Toulouse, base arrière de la "French tech" aveyronnaise

Publié le
Aurélien Delbouis

Dans la galaxie des startups françaises, les représentants aveyronnais ne sont pas en reste. Soutien scolaire, e-commerce "communautaire", tchat… Nous avons rencontré trois belles réussites qui ont gagné la capitale régionale pour s’épanouir pleinement. Un choix de cœur et de raison pour ces jeunes pousses venues grossir la communauté des Aveyronnais de Toulouse, la deuxième en nombre après Paris.

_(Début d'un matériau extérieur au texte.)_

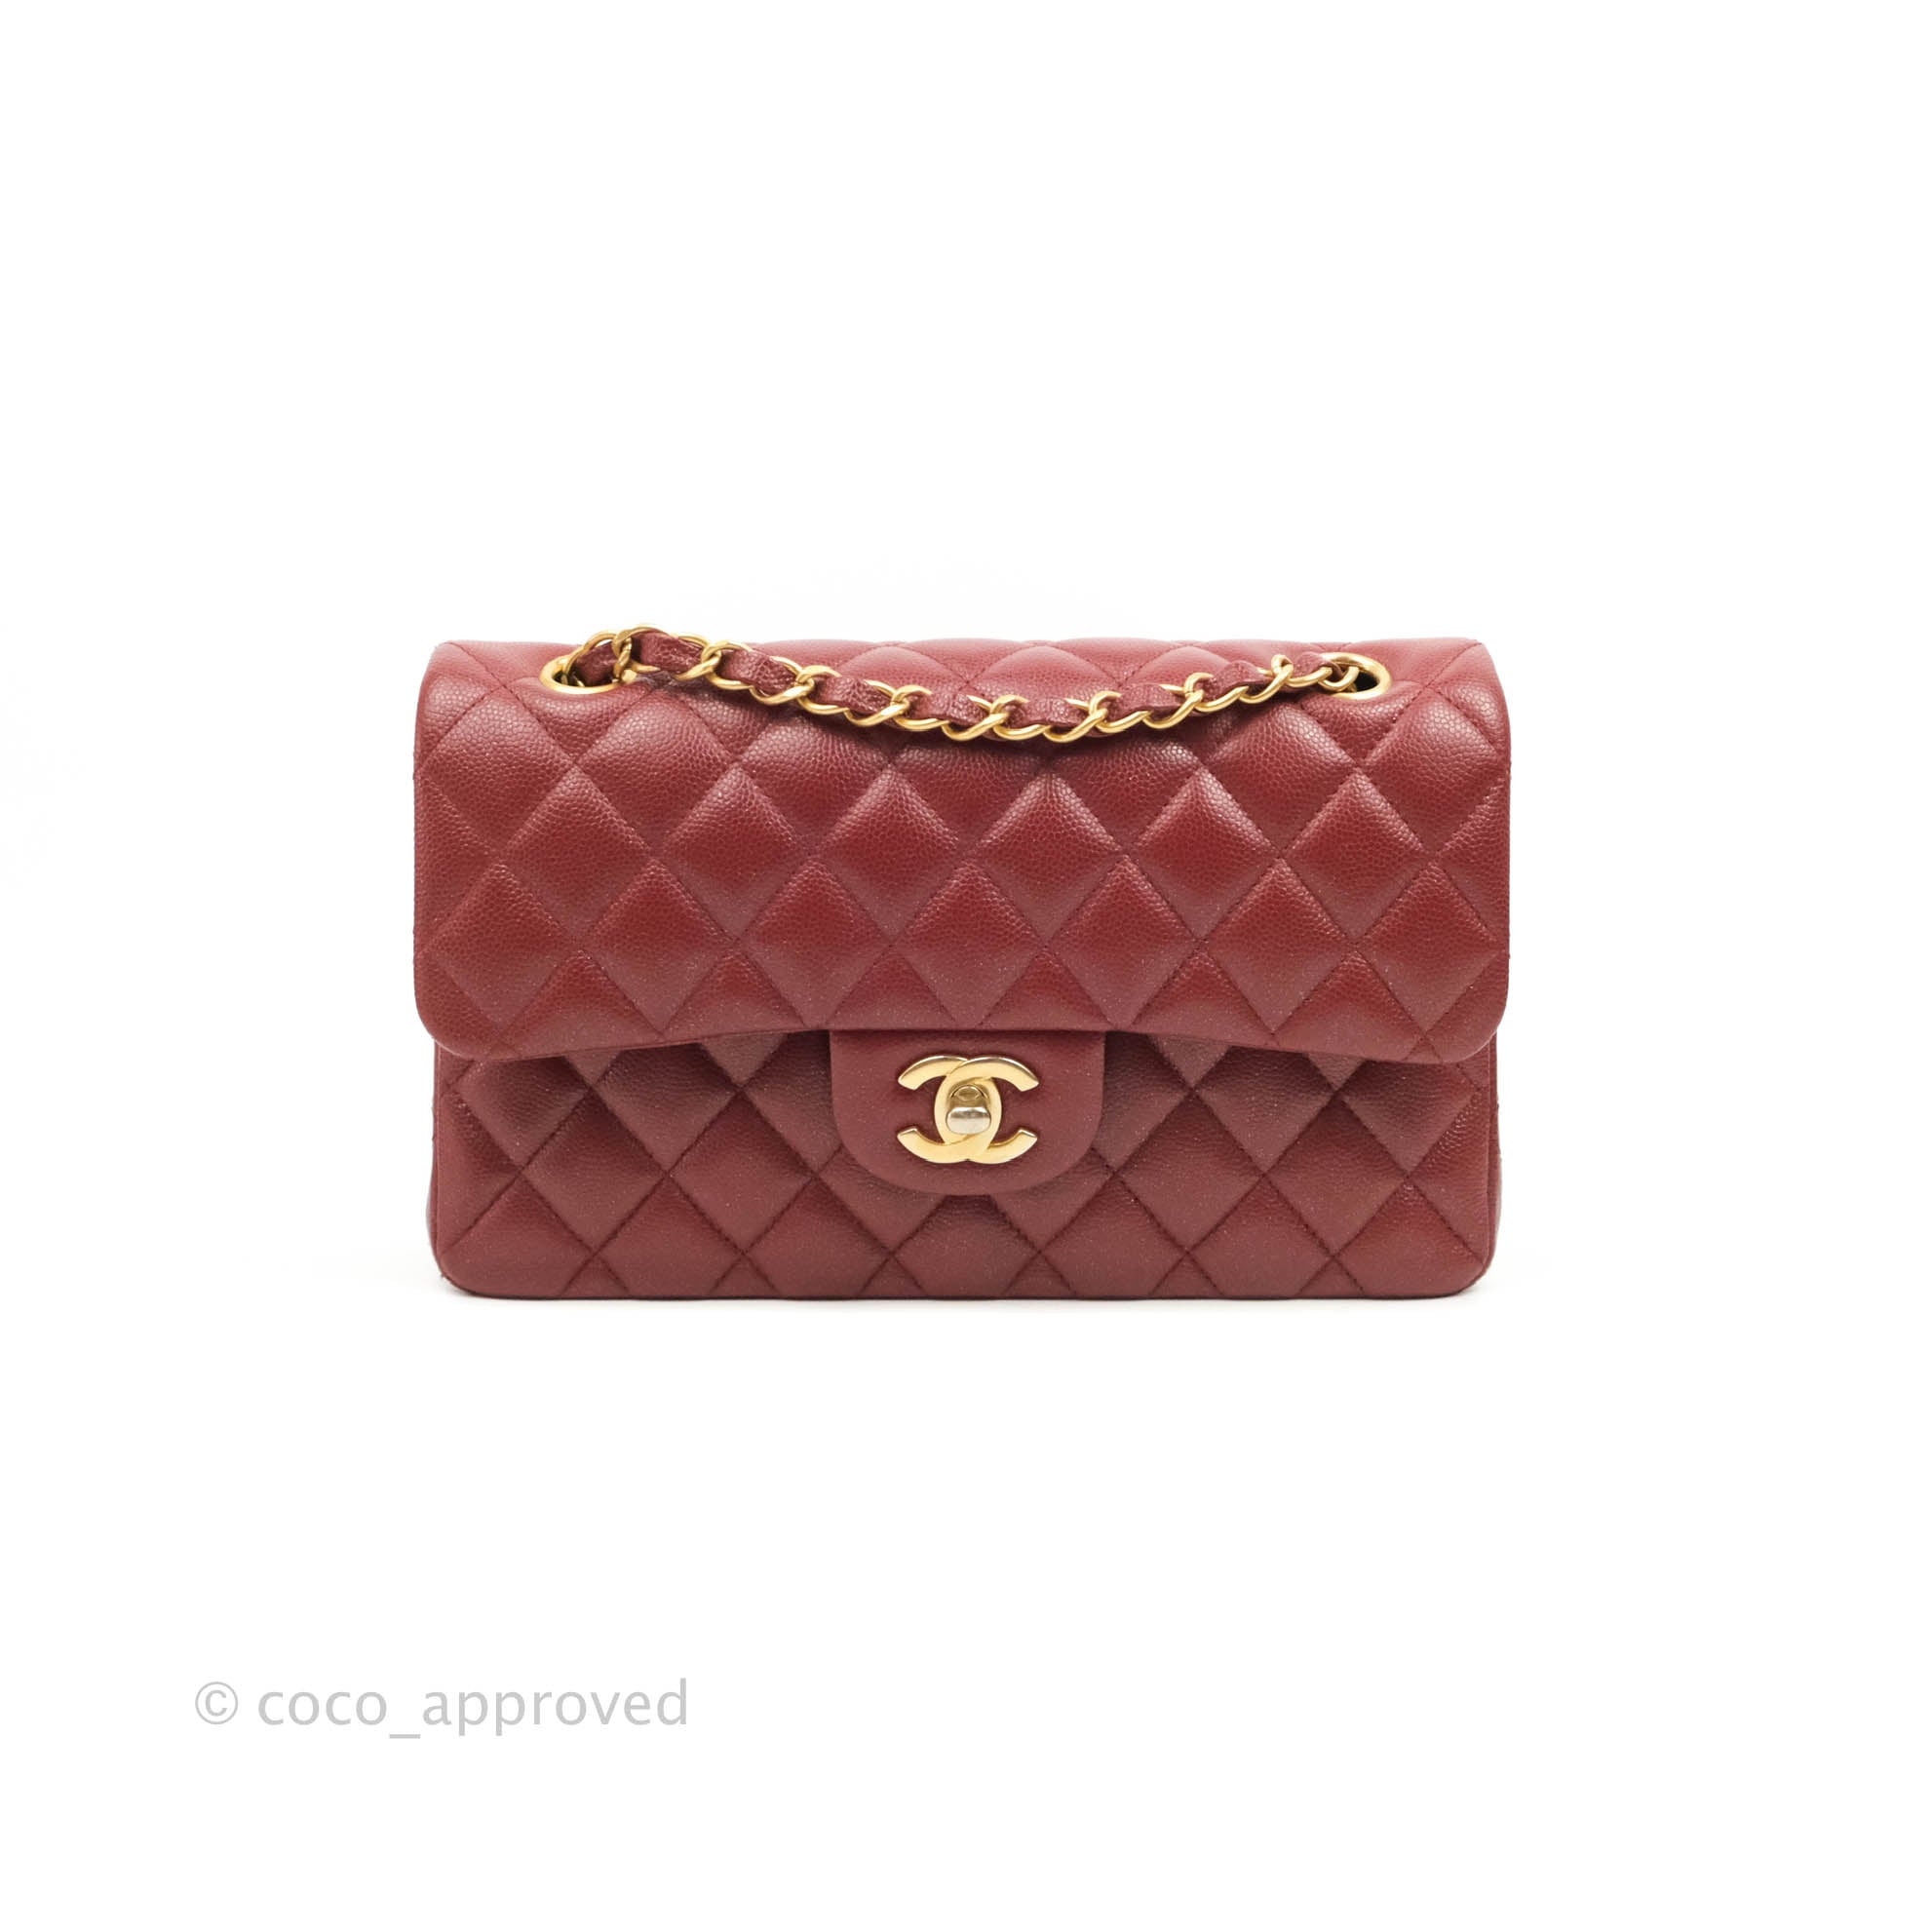 Sold at Auction: Chanel Metallic Gold Quilted Lambskin Classic Flap Bag

Schoolmouv réinvente le soutien scolaire

Schoolmouv réinvente le soutien scolaire.
Schoolmouv réinvente le soutien scolaire. Repro CPA

Shannon Picardo est un homme pressé. En 2013, à peine le bac en poche, le Ruthénois à l’idée de proposer des cours en ligne. "Quand je passais mon bac, je n’avais pas forcément les moyens de payer un prof particulier, se souvient-il. En cherchant sur internet des cours pour m’aider dans mes révisions, je n’avais rien trouvé de probant" Son idée en tête, Shannon intègre la Toulouse Business School et dans la foulée, son incubateur : TBSeed. Après dix-huit mois de réflexion sur la réalisation des cours filmés et une levée de fonds – près de 180 000 € – il lance sa société. SchoolMouv était née. Fiches de révision, QCM, exercices d’application… Cette jeune start-up propose une plateforme de soutien scolaire en ligne offrant un millier de cours vidéo dans toutes les matières principales, de la sixième à la terminale. On retrouve aussi des modules de révision pour l’examen du brevet et du bac.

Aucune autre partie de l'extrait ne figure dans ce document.